Dianne, I am so sorry for your loss. You are in my prayers.


----------



## harrysmom (Sep 28, 2007)

Dianne,

I'm very sorry to hear about your Mom. I'll keep your family in my prayers.

Hugs.
Debbie


----------



## Madison's Mom (Dec 26, 2007)

Such a wonderful memory of your last time together. Prayers for peace and comfort are being sent your way.


----------



## revakb2 (Sep 8, 2006)

I am so sorry for your loss.


----------



## romeo&juliet (Jun 23, 2011)

Im so sorry for your loss you and your family are in my prayers.


----------



## Snowbody (Jan 3, 2009)

Dianne - I'm so sorry for your loss. As Lynn has said about Jerry, you think you're prepared but you never really are. It sounds like you had very loving last minutes with your mom where you were so close to her and caring for her. I think maybe the doctors didn't know (though often they are pretty in tune) but your mom knew. She had those special last minutes with you, made peace with leaving, let you go and spared you watching her die. I almost think my mom did that...I was with her all the time and went home because of a medical issue with my son. I got home and my brother called to say she died. It sounds like your mom and mine were very alike so maybe that was their last gift to us in this life. 
You were so lucky to have each other in your lives. I know your mom must have been bragging about her wonderful, caring daughter often and she will now be with you all the time. Just ask for her and she'll come to you -- in joy, questioning moments, even sad events. She'll be there to help guide you. As Michelle said, she had her mind which is such a blessing. I just visited my 98-year-old aunt on Wed and actually pray that she will be gone soon. She has no life at all here on earth. :crying:
If I can do anything, just e-mail me. (((hugs))) I love you.


----------



## donnad (Aug 22, 2006)

Dianne, I am so sorry for your loss.


----------



## Zoe's Mom88 (Apr 25, 2011)

Sorry for the loss of your Mother.


----------



## emmy123 (Jan 22, 2012)

I am so sorry for your loss. How wonderful to have that special time with her and to give her such loving care. I have worked in a Nursing Home for over 33 years and often a dear one will wait for that special loved one to leave because they do not want to die in front of them. Please know that my thoughts and prayers are with you.
emmy


----------



## Johita (Jul 10, 2009)

Dear Dianne I am so sorry about the loss of your sweet mother. I know that she must have gone in peace and really appreciated everything you and your brother did for her. Know that we are all here for you and love you very dearly. My thoughts and prayers are with you and your family.


----------



## sdubose (Feb 21, 2012)

I am so sorry for your loss. If I can do anything let me know.


----------



## Sylie (Apr 4, 2011)

I am so sorry, Dianne.:grouphug:


----------



## Maisie and Me (Mar 12, 2009)

Diane, We are all so sorry for your loss of your Mom :wub::grouphug::grouphug:


----------



## SammieMom (Nov 13, 2010)

Diane,
I am so sorry for your loss. You are not alone. I am so glad your Mother went peacefully. I lost my mother few yrs ago in pretty much the same way you described in your post. I visited with her and she had a fever. She was always cold too. They sent me home and in the night it happened. I spent many months regretting leaving her side. But I've come to realize no one could have known as you said. Your Mom knew how much you did for her and is at peace. The grief still comes and goes but eased over time. 

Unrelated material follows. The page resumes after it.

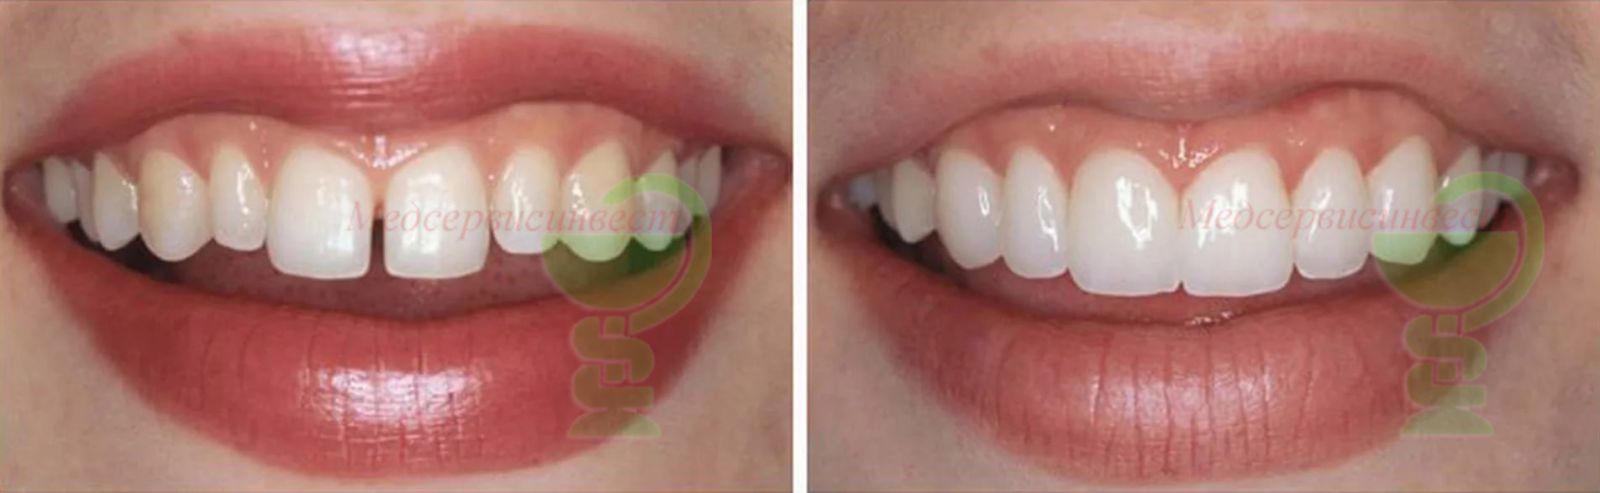 Установка винир на зубы в Минске фото до и после Медсервисинвест

God bless and I am sending you a virtual hug. :grouphug:


----------



## elly (Sep 11, 2006)

I am so sorry for your loss.


----------



## HalosMommy (Apr 8, 2012)

I am so sorry for your loss. She is looking over you even though she is not here physically. You were a blessing to your mom. You and your family are in my prayers.


----------



## Rocky's Mom (Apr 10, 2010)

Although I do not have time or energy to post to each and every one of you, I did read every post and appreciate your thoughts and words of comfort so much. Your are all very dear to my heart.


----------



## MoonDog (Jun 6, 2011)

(((Dianne))) Your mother suffers no more and while she's no longer on this earth, she will live forever in your heart. I'm so sorry for you loss.


----------



## chichi (Apr 12, 2007)

Diane,I am so sorry for the loss of your dear mother.:grouphug:


----------



## KAG (Jun 1, 2006)

Oh Dianne,
Almost the same thing happened to me. I always bathed my Mom and washed her hair. Always put lipstick on. The night my Mom died, I didn't know, I would have stayed. I went home at 11pm to do wash, because I had absolutely nothing clean. The following day we were transferring my Mom to hospice from NY Hospital. At 12:30am I got nervous in the laundry room and left. Steve went to look for me because a Doctor called me, I was on my way up to our apartment. We missed each other. Finally he came back and told me to call the hospital. My Mother died at 12:30am. I guess the poor thing didn't want to take one last ambulance ride. 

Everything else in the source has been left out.